On an English beach in July, 1942, the Royal Canadian Army Medical Corps rehearses treating 'casualties' ahead of Operation Jubilee, the raid on Dieppe.

Department of National Defence / Library and Archives Canada

Barris:

I have one last thought on the point about medics and their service being underappreciated. I think even the medics themselves felt inadequate. More often than not, they took the casualty rates extremely hard. With seemingly very little positive in the aftermath of a battle, medics grasped at whatever small victories they could rationalize.

Two such medical officers – Laurence Alexander with the Calgary Tanks, and Wesley Clare with Royal Hamilton Light Infantry – went into beaches of Dieppe on Aug. 19, 1942 – of 4,963 Canadians in action at Dieppe, 3,367 were killed, wounded or taken prisoner.

Neither Alexander nor Clare managed to get off the beach. In fact, Alexander never left the tank landing craft bringing his medical crew and tank crews ashore; he spent the entire morning dashing from one wounded case to another all aboard the landing craft. And in the end, of his original assault group of 117 military men and 13 naval men, he managed to save but 30 soldiers and three navy personnel.

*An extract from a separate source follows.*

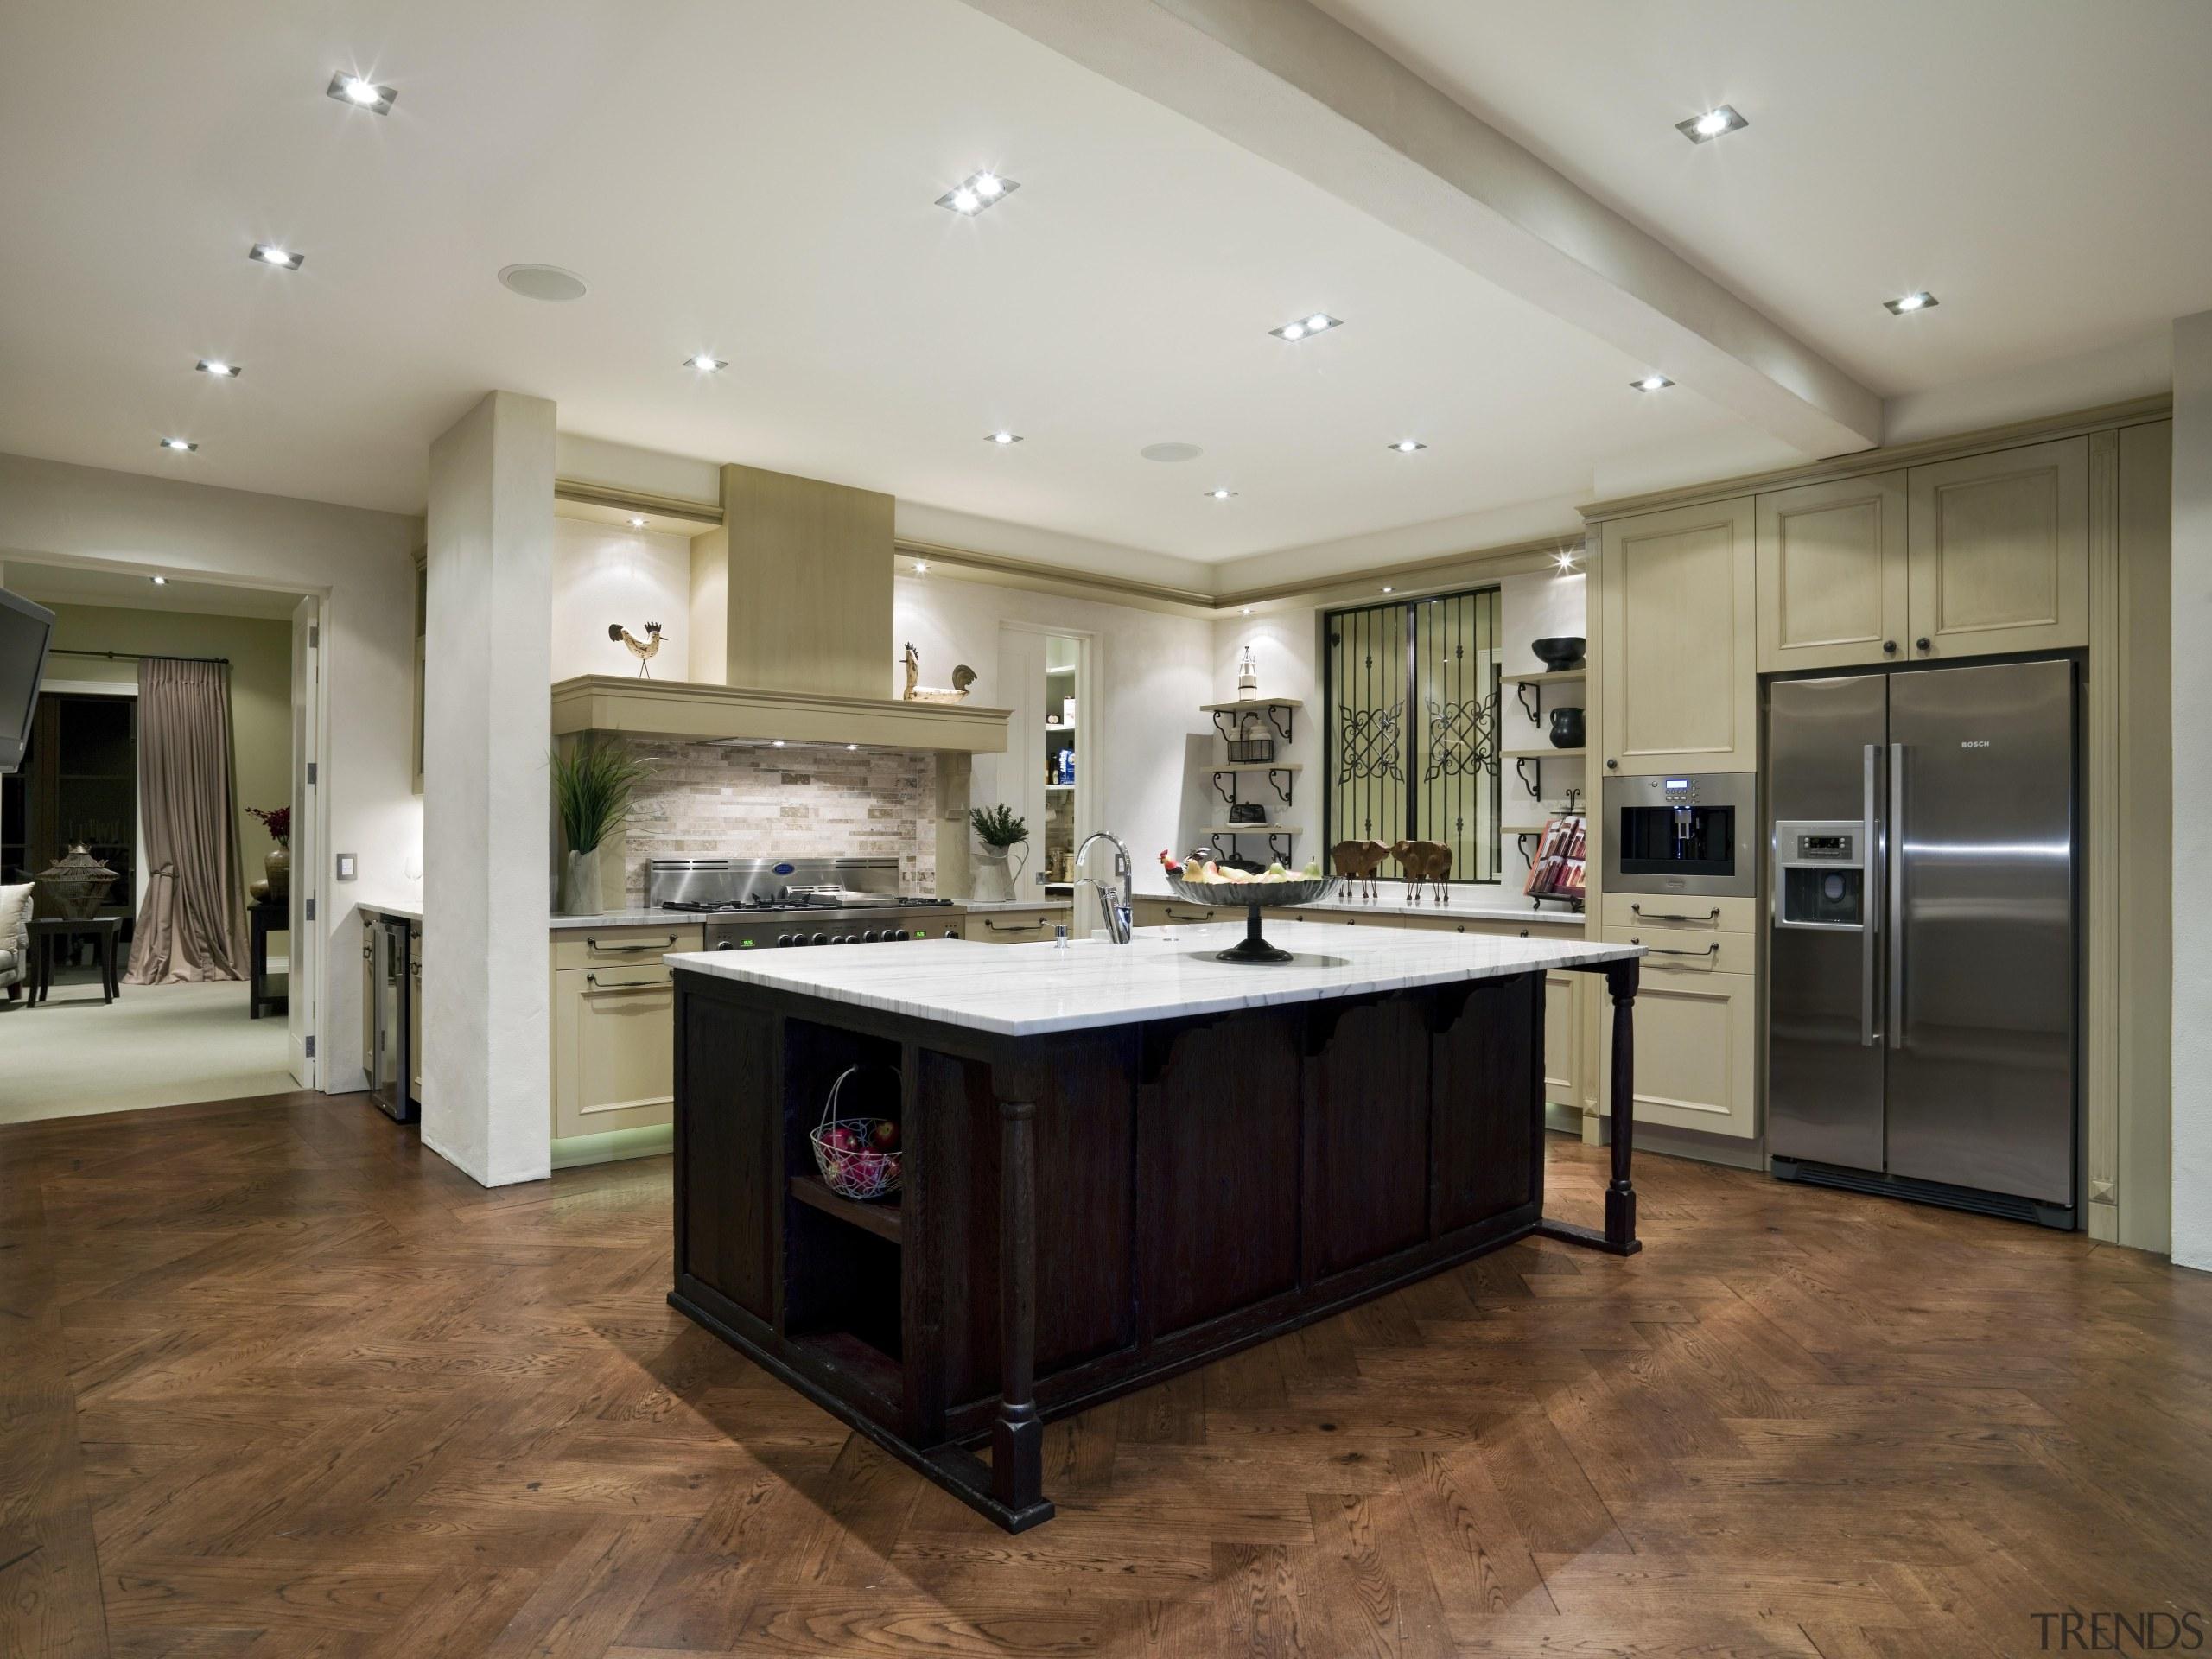 110goodlands 210 - Goodlands_210 - cabinetry | ceiling cabinetry, ceiling, countertop, floor, flooring, hardwood, interior design, kitchen, laminate flooring, real estate, room, wood flooring, gray, brown

Meanwhile, Clare gathered the wounded and dying RHLI troops in the lee of another bombed out landing craft just up from the surf. He’d been unable to save 197 of his regimental brothers, but chose to surrender the remaining handful, including himself, to ensure that at least a few survived the slaughter. He spent the rest of the war with those he’d saved in German POW camps in occupied Europe.

And the Calgary Tankers whom Alexander saved never forgot him, either. When Doc Alexander returned to Alberta after the war, the veterans who returned with him made it their business to seek the doctor out to deliver their children and be their family doctor. Small but meaningful thanks for saving them from the “nine bloodiest hours in Canadian military history” at Dieppe.